Yeah, we'd match curl functionality, but I am afraid we may be needlessly limiting the size of uploads this way, even though the bar would be set pretty high. We can always investigate this further down the line, though, when the need actually arises. Having some form of file upload for Soup right now is a great win already IMO.
Gustavo Noronha (kov)
Comment 11
2009-01-29 12:13:04 PST
Created
attachment 27154
[details]
updated proposed patch This patch only adds a TODO comment regarding the usage of the accumulate flag. We would have to require a development version of libsoup, so I'd rather wait 'till we are far enough into the future, or have ways of #ifdef'ing the line before adding it. As Dan says, this would improve performance, but not setting it to FALSE doesn't make the code incorrect.
Gustavo Noronha (kov)
Comment 12
2009-01-29 12:22:40 PST
(In reply to
comment #11
)
> This patch only adds a TODO comment regarding the usage of the accumulate flag.

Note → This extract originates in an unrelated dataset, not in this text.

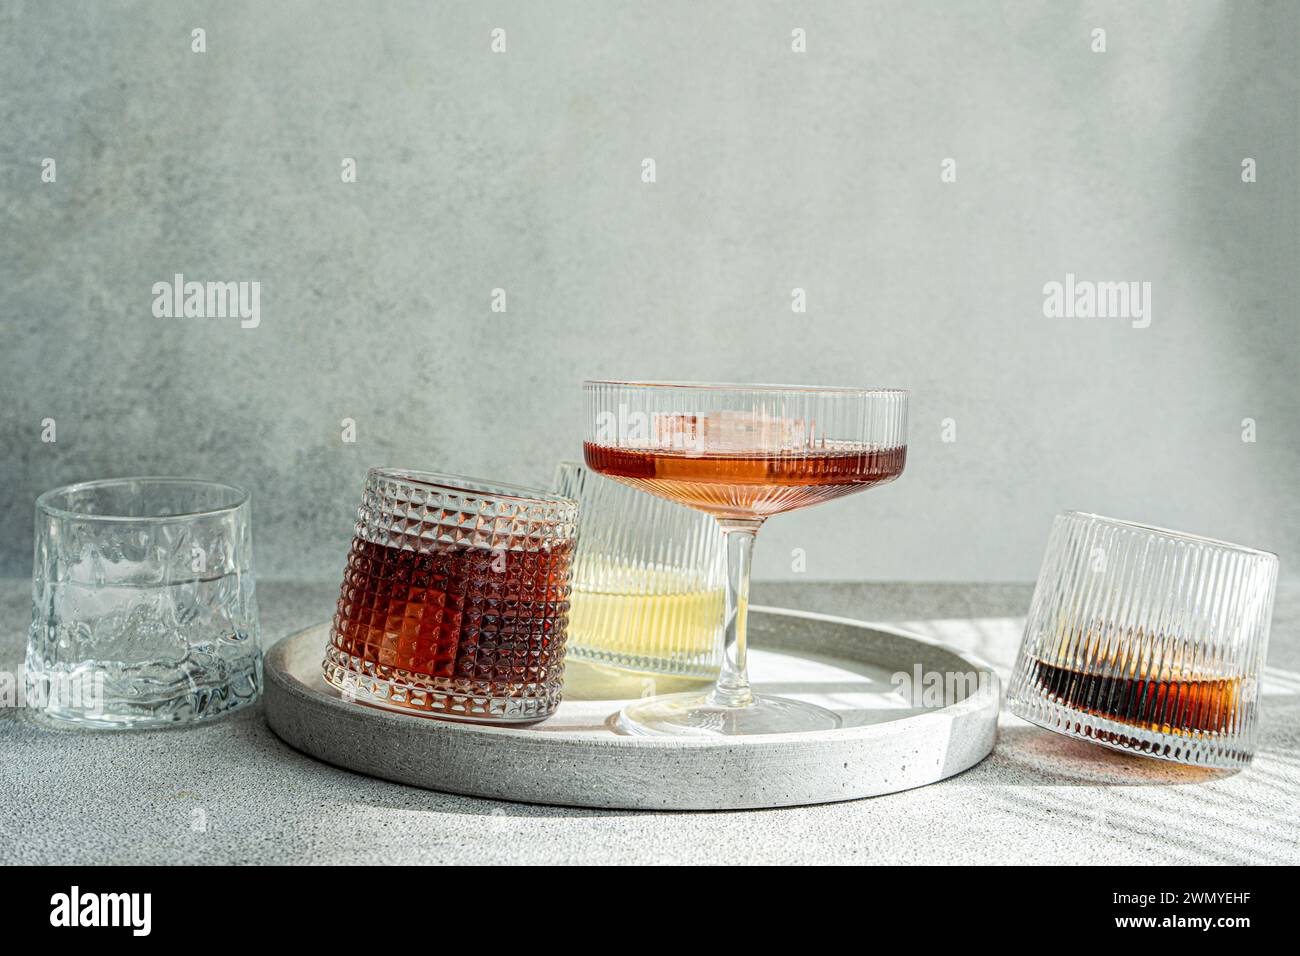 Una selezione di bevande alcoliche in bicchieri testurizzati, elegantemente esposti su un vassoio circolare in cemento con un morbido sfondo grigio Foto Stock

when compared to my previous one, that is =)
Mark Rowe (bdash)
Comment 13
2009-01-30 05:11:29 PST
Comment on
attachment 27154
[details]
updated proposed patch Some brief style comments since I'm not familiar with soup at all.
> +#include <fcntl.h> > +#include <sys/types.h> > +#include <sys/stat.h> > +#include <unistd.h> > + > #include "config.h" > #include "CString.h" > #include "ResourceHandle.h"

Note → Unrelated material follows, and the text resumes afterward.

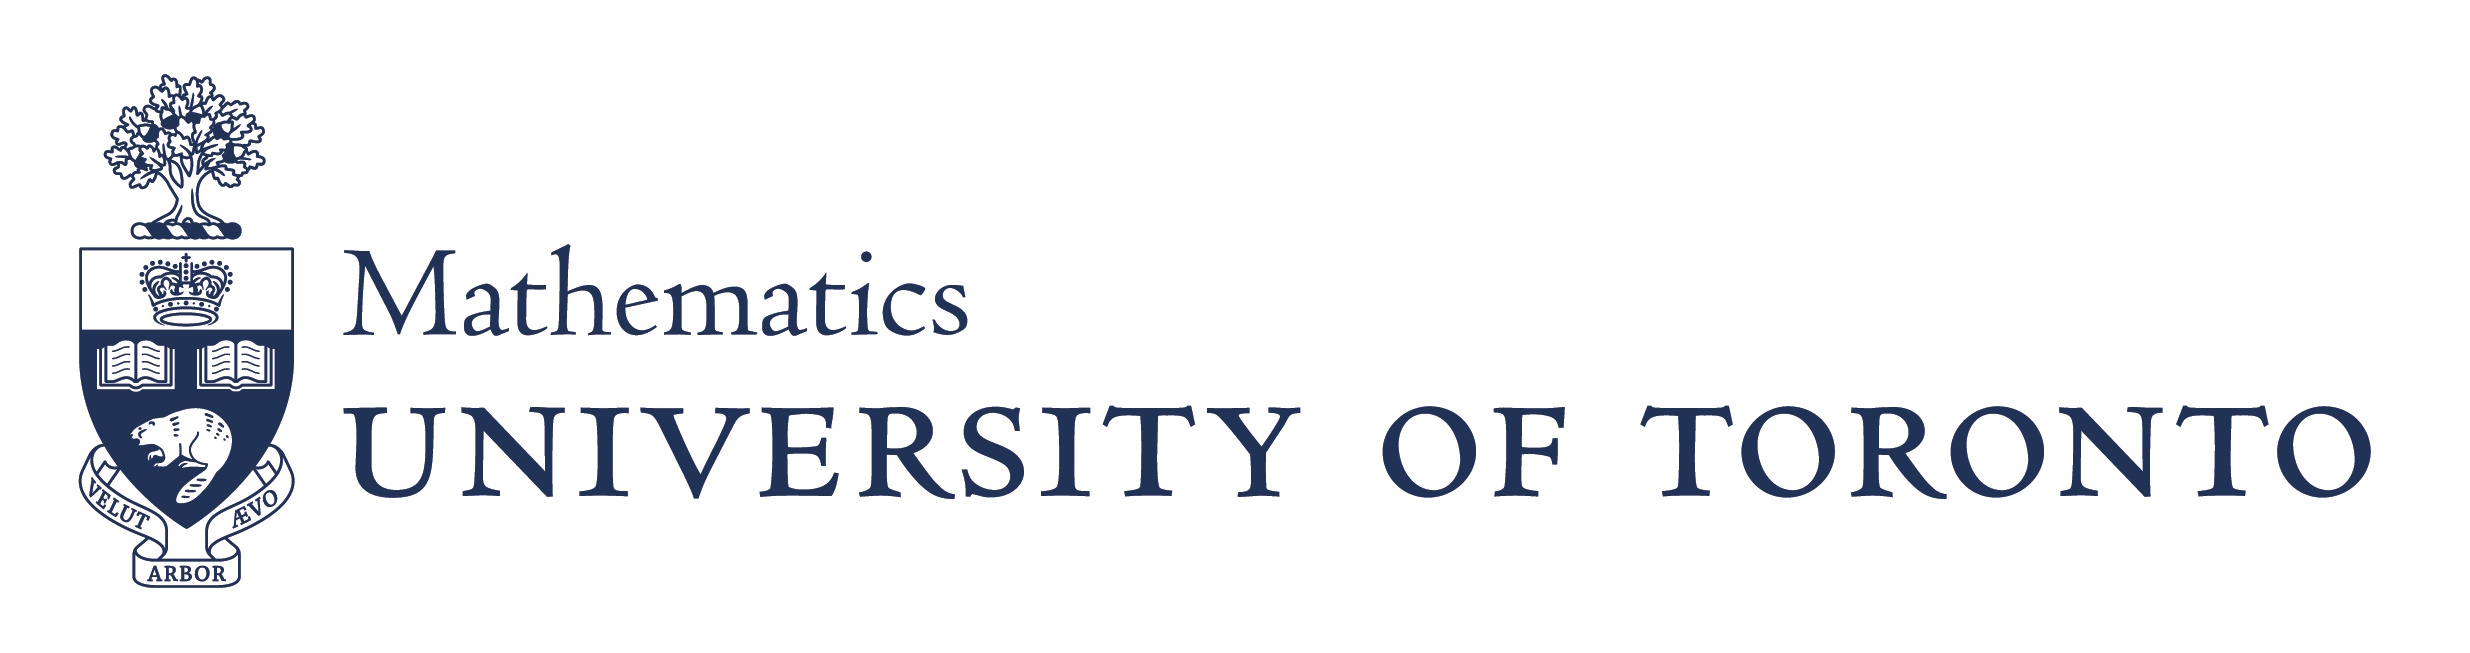 UofT math department logo

Per our style guidelines, config.h and ResourceHandle.h should be included first in this file and grouped together, followed by other WebCore headers, then other headers. That is to say that the new includes should be moved down by the exiting gio / libsoup includes, and CString.h moved down into the other WebCore includes.

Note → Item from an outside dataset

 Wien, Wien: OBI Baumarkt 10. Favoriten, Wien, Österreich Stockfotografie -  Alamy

> @@ -58,6 +64,20 @@ enum > ERROR_BAD_NON_HTTP_METHOD > }; > > +struct mapping > +{ > + gpointer ptr; > + gsize length; > +}; > + > +static void > +free_mapping(gpointer data) > +{ > + struct mapping* mapping = (struct mapping*)data; > + munmap (mapping->ptr, mapping->length); > + g_slice_free (struct mapping, mapping); > +} > + > static void cleanupGioOperation(ResourceHandleInternal* handle);
Types should be named with an initial capital letter. The name "mapping" is rather generic and could perhaps better describe what the type represents. The return type and linkage specifier of a function declaration should be on the same line as the rest of the declaration. Function names in WebCore should use camelCase rather than lower_case_with_underscores. The extra "struct" qualifier when referring to the type should be omitted as it is not needed in C++. The type cast should use a C++-style cast rather than a C-style cast.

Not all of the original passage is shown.